2008-11-06 / Features

Economic Troubles Trickle Down To Pet Owners

By ELLEN LYON THE (HARRISBURG) PATRIOT-NEWS

HARRISBURG, Pa. (AP) - Recently a woman walked nearly seven miles from her Cameron Street home to the Humane Society of Harrisburg Area shelter to give up the 7-year-old pit bull she had raised since it was 8 weeks old.

The distraught woman told shelter officials she was being evicted and couldn't keep the dog, Humane Society spokeswoman Kelly Hitz said.

The female pit bull has since found a new home. But animal rescue workers in the midstate say the economic crisis that started on Wall Street and spread to Main Street has now hit the backyard doghouse.

The Humane Society of Harrisburg Area and the York County SPCA report increases in pets surrendered because of their owners' financial hardship.

An average of 10 people a week contact the Humane Society to say they can't afford to keep their pets, Hitz said. About 20 percent end up surrendering their animals to the shelter.

The Humane Society refers the others to its free pet food bank, stocked with donations from the public, and its low-cost vaccination and spay/neuter clinics, she said.

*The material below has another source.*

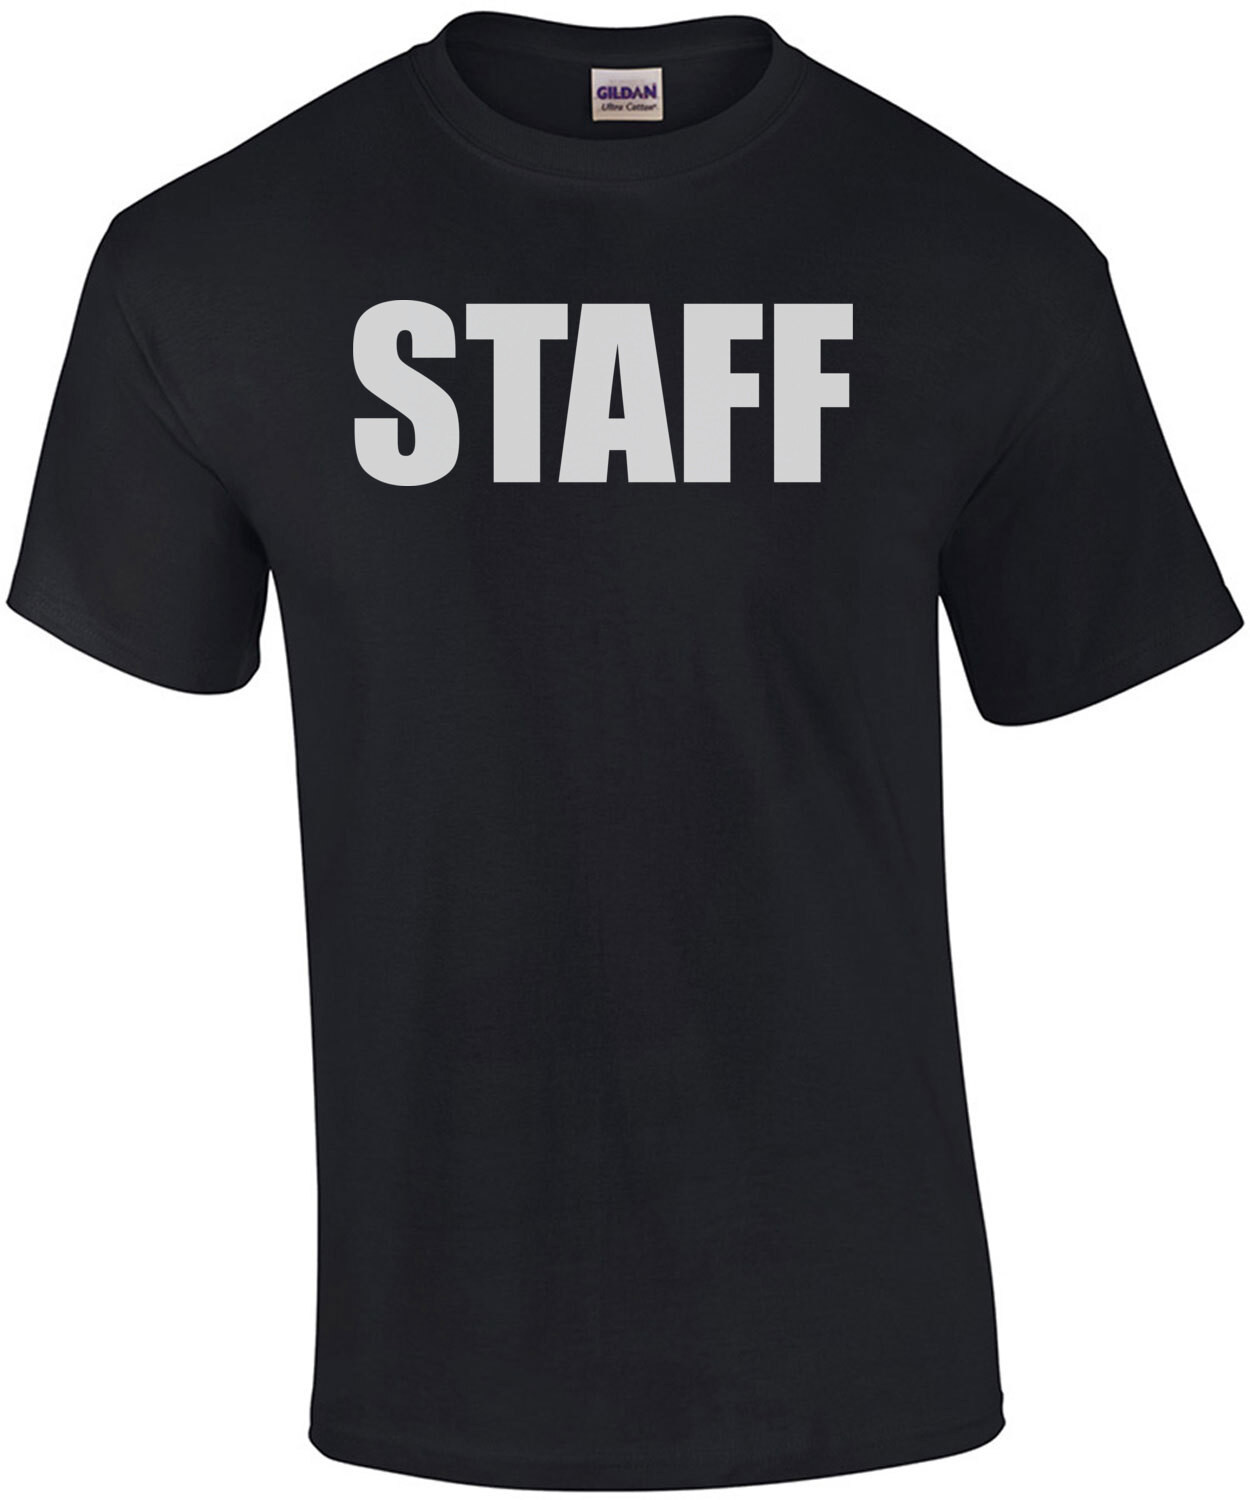 STAFF (White Text) T-Shirt
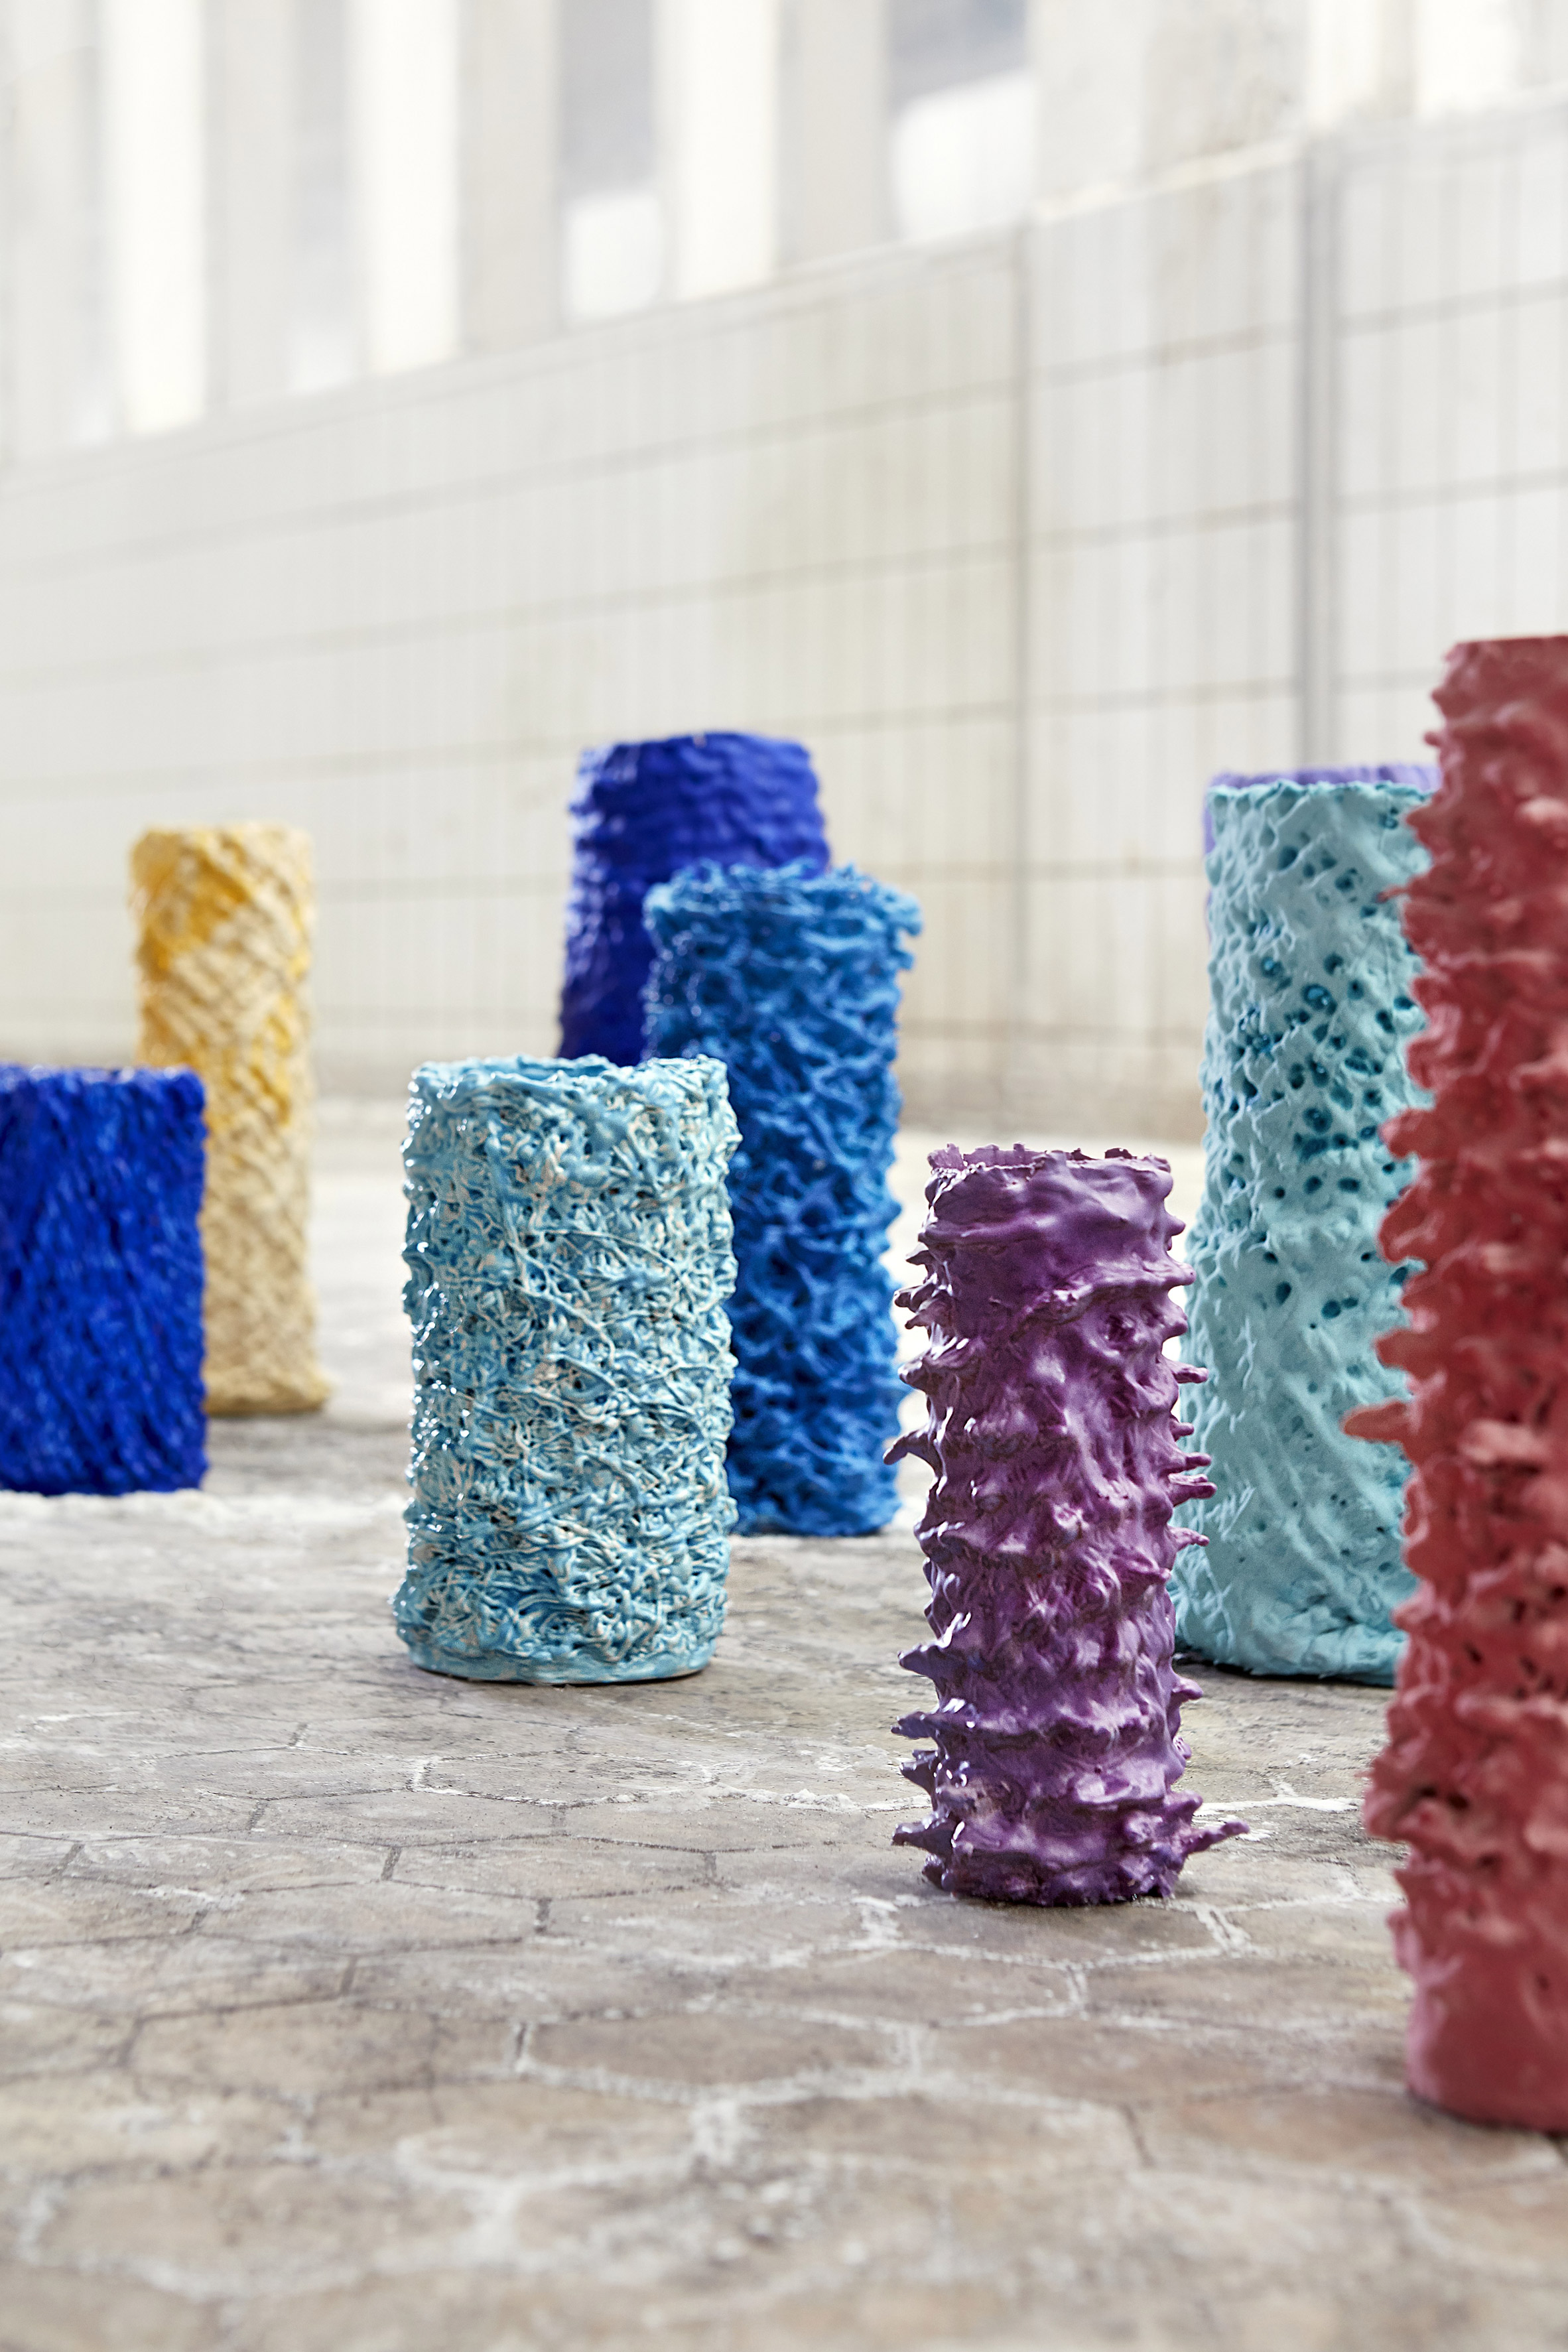 Erika Emeren uses Swedish spit-cake technique to create decorative vases

The shelter is "very overcrowded" with 575 dogs, cats and other animal residents, Hitz said.

Since the beginning of September, the York County SPCA has taken in 17 animals because of home foreclosures or other financial problems, Executive Director Melissa Smith said.

"We've also seen an increase in cats being abandoned at the shelter," left by the door in cardboard boxes or cat carriers, Smith said. The shelter is at capacity with 425 cats, 108 dogs and seven rabbits, she said last week.

The York SPCA also has a free pet food bank, called Chows for Pals. "We've gotten more inquiries about that," Smith said.

PAWS, a foster care and adoption network for homeless dogs and cats in the midstate, has seen a three-fold increase since the beginning of summer in pets returned to it after adoption, PAWS President Kathy Smith said.

"We have had people more frequently tell us it is because they can't financially provide for the animals," Smith said.

The group's foster care homes are filled, and some volunteers can't give as much time because of having to work part-time jobs, she said.

PAWS offers low-cost vaccination clinics and reduced-fee vouchers for spay/neuter surgeries, she said.

Castaway Critters, another midstate foster home network, is receiving about 50 percent more calls from people who want to surrender their animals for financial reasons, board member Betsy Clark said.

"We've also recently noticed a decrease in adoptions over last year. It's huge," Clark said. She estimates the rescue has seen a 30 percent drop in adoptions at the same time that fewer foster homes are available.

Clark noted that financially strapped animal owners can avail themselves of low-cost spay/neuter and vaccination clinics offered through the Spay Neuter Assistance Program and other organizations.